Alfonso Bellia
Medico, Endocrinologo. Ricercatore
@alfonsobellia
bellia@med.uniroma2.it

di Alfonso Bellia
“Dottore, ho l’insulina alta, per questo ingrasso” oppure “Io sono IPERINSULINEMICA, faccio la #dieta e non dimagrisco”. Quando la visita medica inizia così è meglio mettersi comodi perché molto probabilmente ci vorrà del tempo… Affermazioni di questo genere – che certamente fanno seguito ad un problema vissuto con grande difficoltà dalla persona – sono infatti figlie di convinzioni inveterate da tempo e pertanto difficili da smontare. Si tratta di un classico caso in cui l’effetto viene confuso con la causa.
Ricordiamo prima di tutto che l’ #insulina è il principale ormone regolatore del metabolismo energetico nel nostro organismo; vale a dire che l’insulina è responsabile di come utilizziamo i macronutrienti assunti con l’ alimentazione, se dobbiamo cioè usarli per produrre energia o dobbiamo in qualche modo “conservarli”. La definizione stessa “insulino-resistenza” sta ad indicare una condizione in cui l’insulina prodotta dal pancreas non riesce a funzionare correttamente (i tessuti periferici sono cioè diventati “resistenti” all’insulina), per cui il pancreas stesso deve rilasciarne nel sangue una quantità maggiore per superare questa “ #resistenza ”. Ciò accade per diverse ragioni, la più frequente delle quali è proprio l’accumulo di grasso per eccesso di introito calorico, ma possono esserci anche alterazioni genetiche a causare l’insulino-resistenza, in questi casi spesso senza problemi di peso ma con problemi di altro tipo quali disturbi del metabolismo dei #carboidrati e dei lipidi. Dunque non è vero che ingrassiamo PERCHE’ siamo insulino-resistenti; piuttosto il contrario, aumentando di peso i nostri organi e tessuti rispondono meno al segnale promosso dall’insulina, mentre dimagrendo anche la nostra insulina nel sangue – magicamente! - si ridurrà in misura più o meno proporzionale.

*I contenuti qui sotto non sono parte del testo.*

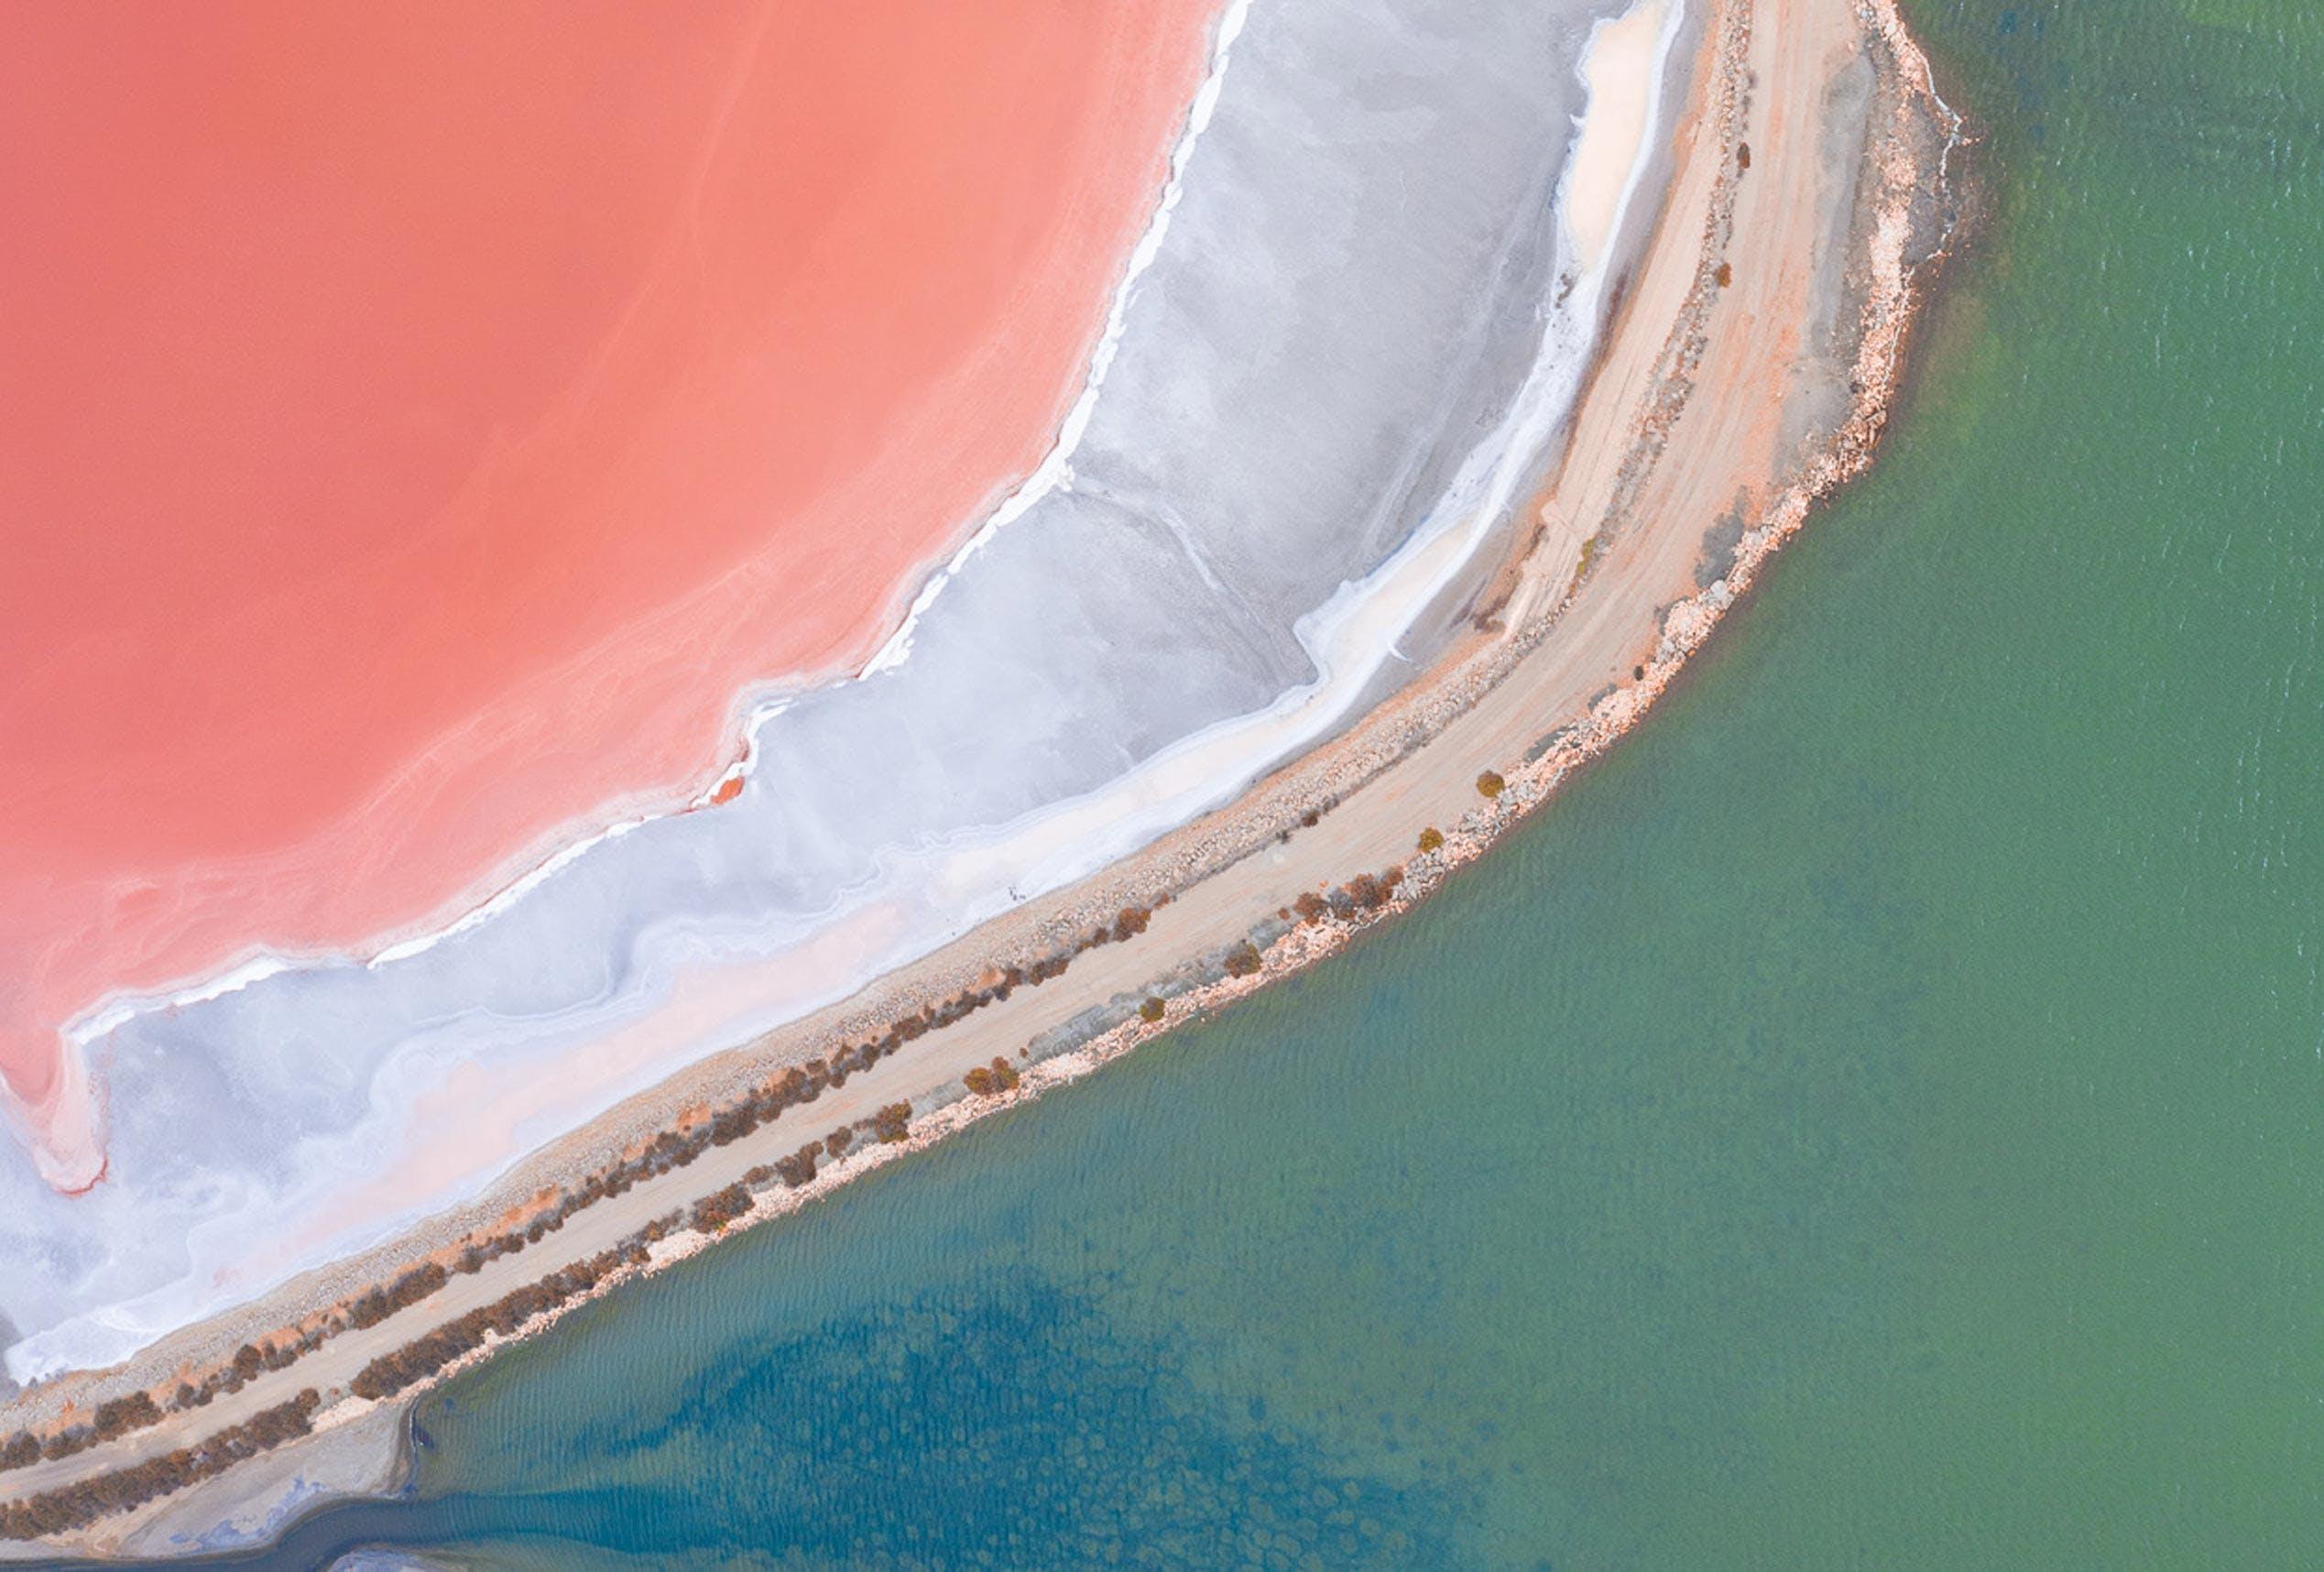 Aigues-Mortes Salt Marsh

A questo punto ci si può anche domandare: come si fa diagnosi e, soprattutto, come si misura l’insulino-resistenza? La risposta è però piuttosto complessa, innanzitutto perché non ci sono metodiche standardizzate nella pratica clinica (cioè facili da eseguire e il cui esito sia davvero in grado di indirizzare la decisione del medico). Possiamo dire che a volte basta la visita specialistica e l’anamnesi per fare diagnosi di insulino-resistenza, mentre test più impegnativi quali la curva da carico orale di glucosio (o addirittura il “clamp euglicemico iperinsulinemico” che usiamo in ricerca clinica) sono da riservare a casi selezionati.
Ma a prescindere da queste speculazioni, il messaggio più importante per il paziente è uno solo: la medicina più efficace per ridurre l’insulino-resistenza è cambiare le proprie #abitudini di #vita, in termini di #alimentazione equilibrata e disponibilità a fare esercizio fisico; in questo campo i farmaci hanno un ruolo secondario, e solo in casi selezionati che sta allo specialista individuare.